1 Medicine-Nephrology, University of Erlangen-Nurnberg, Erlangen, Germany
2 Bohringer-Mannheim, Mannheim, Germany
3 Medicine-Nephrology, University of Erlangen-Nurnberg, Erlangen, Bavaria, Germany
4 Medicine-Nephrology, University of Erlangen-Nuremberg, Erlangen, Bavaria, Germany

* To whom correspondence should be addressed. E-mail: mfm431{at}rzmail.uni-erlangen.de.
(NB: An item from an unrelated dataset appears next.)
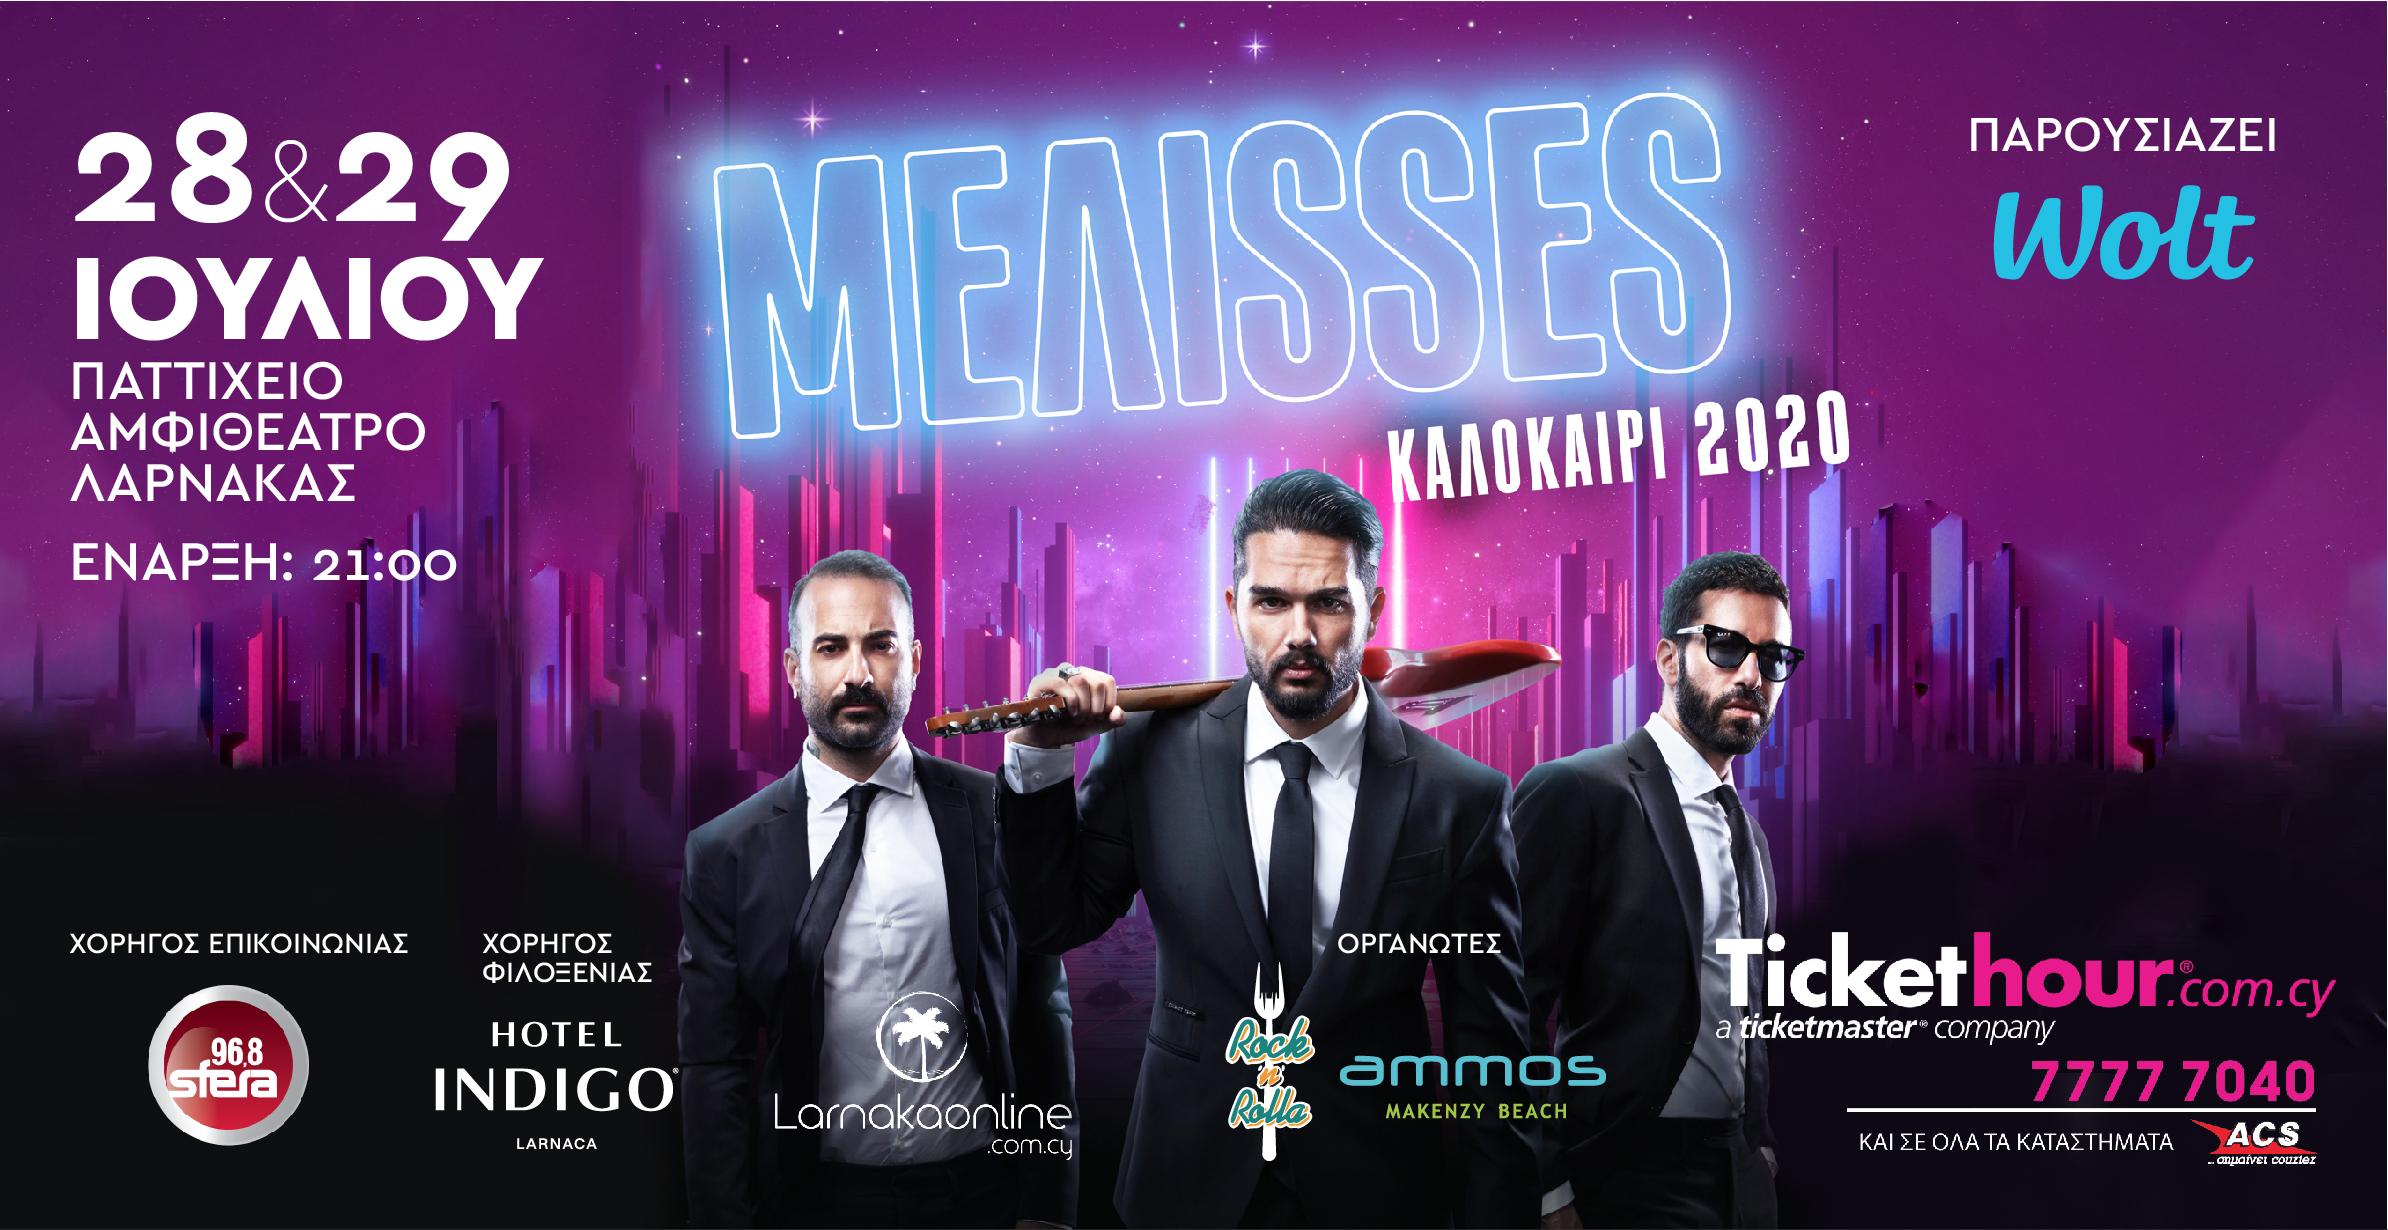 Melisses Live: Η αντίστροφη μέτρηση για τη μεγάλη συναυλία ξεκίνησε – Περιορισμένος αριθμός θέσεων

Objective: In contrast to other sympathetic tracts renal sympathetic nerve activity (RSNA) decreases during hypotensive hemorrhage. The significance of this "paradox" is unknown. We tested the hypothesis that RSNA modulates renal perfusion and thus erythropoietin (EPO) release after transient hypotensive hemorrhage (tr-hHem) in anesthetized rats. Methods: EPO was measured before and after 30 minutes of tr-hHem (i.e., -40 mmHg from mean baseline blood pressure (MAP), followed by reinfusion of blood) and 120 minutes thereafter in sham-denervated rats, after renal denervation (DNX) or bilateral cervical vagotomy (VX) to blunt the RSNA decrease mediated by a cardiopulmonary reflex. RSNA, renal Doppler flow (DOP), renal vascular resistance (RVR), resistance index (RI), oxygen delivery/uptake (DO2/VO2) were measured. Results: RSNA decreased in intact animals (-40±5% from baseline p<0.05). This was blunted by VX. With innervation EPO level remained stable. In DNX rats EPO was increased at minute 120 (49±3 vs.74±2 mU/ml; p<0.05), in VX-rats this (47±2 vs. 62±4 mU/ml; p<0.05) was less pronounced. DO2 in DNX rats was lower compared to intact and VX (0,25±0,04 vs. 0,51±0,06 and 0,54±0,05 mlO2/min; p<0,05) due to lower DOP and increased RVR. RVR and DO2 were similar in intact and VX, but RI differed between all groups (0,70±0,02 vs. 0,78±0,02 vs.0,85±0.02; p<0,05 intact vs. VX vs DNX) indicating differential reactivity of renal vasculature. VO2 was unaffected by VX and DNX. Conclusions: Renal sympathoinhibition during hypotensive hemorrhage might help to preserve sufficient oxygenation of renal tissue by modulation of hemodynamic mechanisms that act to adapt renal oxygen availability to demand.